Gedichte

Donnerstag, 04. Oktober 2018
Herausgegeben von Greif

Sie kam nach Deutschland

von Reh

Sie kam nach Deutschland auf einem Flüchtlingsboot.
Sie hatte rein gar nichts, kein Wasser, kein Brot.
Mutter und Vater auf der Reise verschwunden.
An ihren Armen waren blutende Wunden.
Ein winziges Baby trug sie auf dem Arm.
Es war ihr Bruder, sie hielt ihn warm.

Er hat sie überlebt, die schreckliche Reise.
Seine Schwester weinte, furchtsam und leise.
Sie sprach kein Wort, sie stand unter Schock.
Doch dann sah sie einen grölenden Mob.
Sie bekam wieder Angst, diese Augen voll Hass:
“Hey, Syrer, habt ihr schon die Hosen nass?“

Solche Stimmen hatte sie schon früher gehört.
Solche Stimmen hatten ihre Eltern weggezerrt.
Diese hier redeten in einer fremden Sprache.
Doch das änderte nichts an der wichtigen Sache.
Es war grundloser Hass in Augen und Stimmen.
In Syrien hörte man danach Kinder wimmern.

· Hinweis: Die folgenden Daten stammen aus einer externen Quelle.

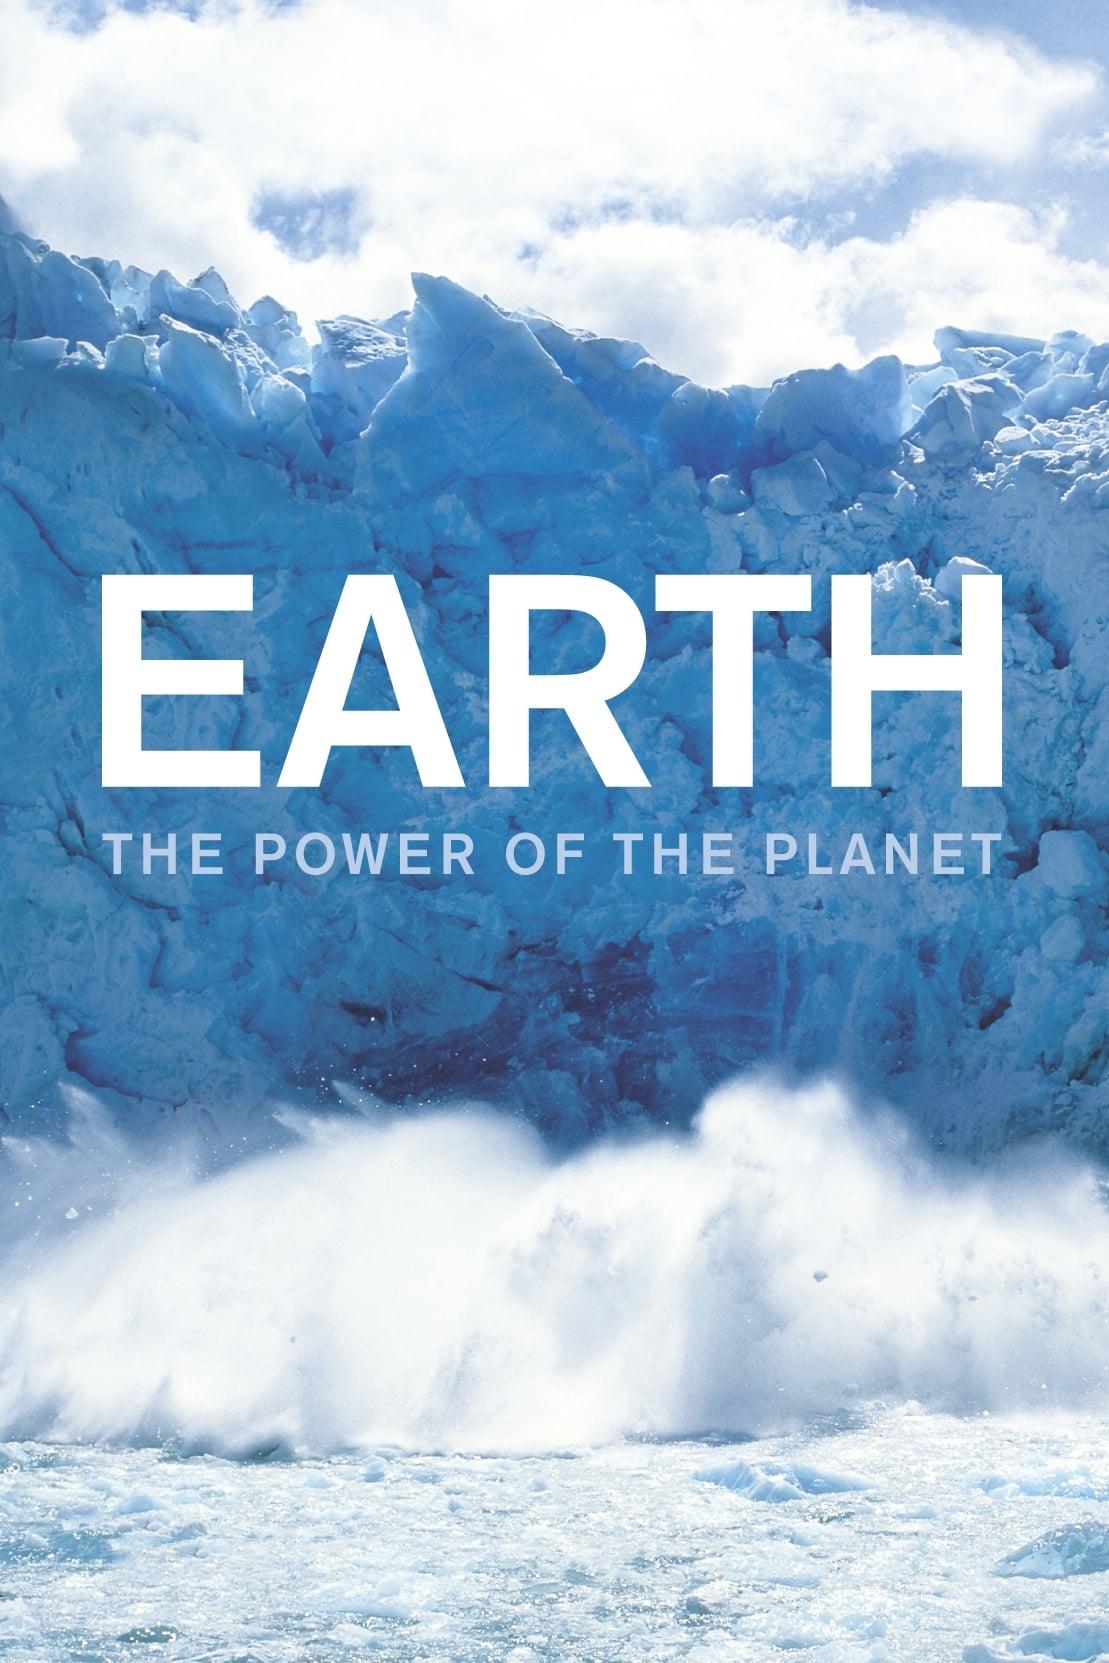 TV Shows Like Planet Earth

Hier wimmerte sie, vor Angst und Kälte.
Das stand sie nicht durch, nochmal diese Härte
Die sollten weggehen, für immer und ewig.
Sie wollte raus aus dem Gedankenkäfig.
Davor war sie geflohen, und jetzt schon wieder.
Um sie wurde es schwarz und sie fiel nieder.

Schlimme Sachen

von Lila

Schlimme Sachen
haben gar nichts zu lachen
Ein Schauer läuft über den Rücken
wenn man davon spricht!!!!
Ich glaube ich hab nichts zu ändern
an der ganzen Sache
aber wenn wir alle nett und brav
die Menschen behandeln
und immer nett und hilfsbereit sind
werden wir es schaffen
die Welt zu verändern.

Ich träume mir ein Land

von Reh

Ich träume mir ein Land,
wo Milch und Honig fließen.
Ich träume mir ein Land,
wo tausend Blumen sprießen.
Ich träume mir ein Land,
wo Kletterbäume stehen.
Ich träume mir ein Land,
wo Bananenmilchwinde wehen.

Ein solches Land erträum' ich mir,
dort will ich alles wagen.
Ein solches Land erträum' ich mir,
dort kann ich nicht verzagen.

Meine Meinung

Hallo ihr hir ist Greif!

Ich habe diese Gedichte aus gesucht weil ich sie schön finde und weil ich will das ihr darüber nachdenken tut was sie bedeuten.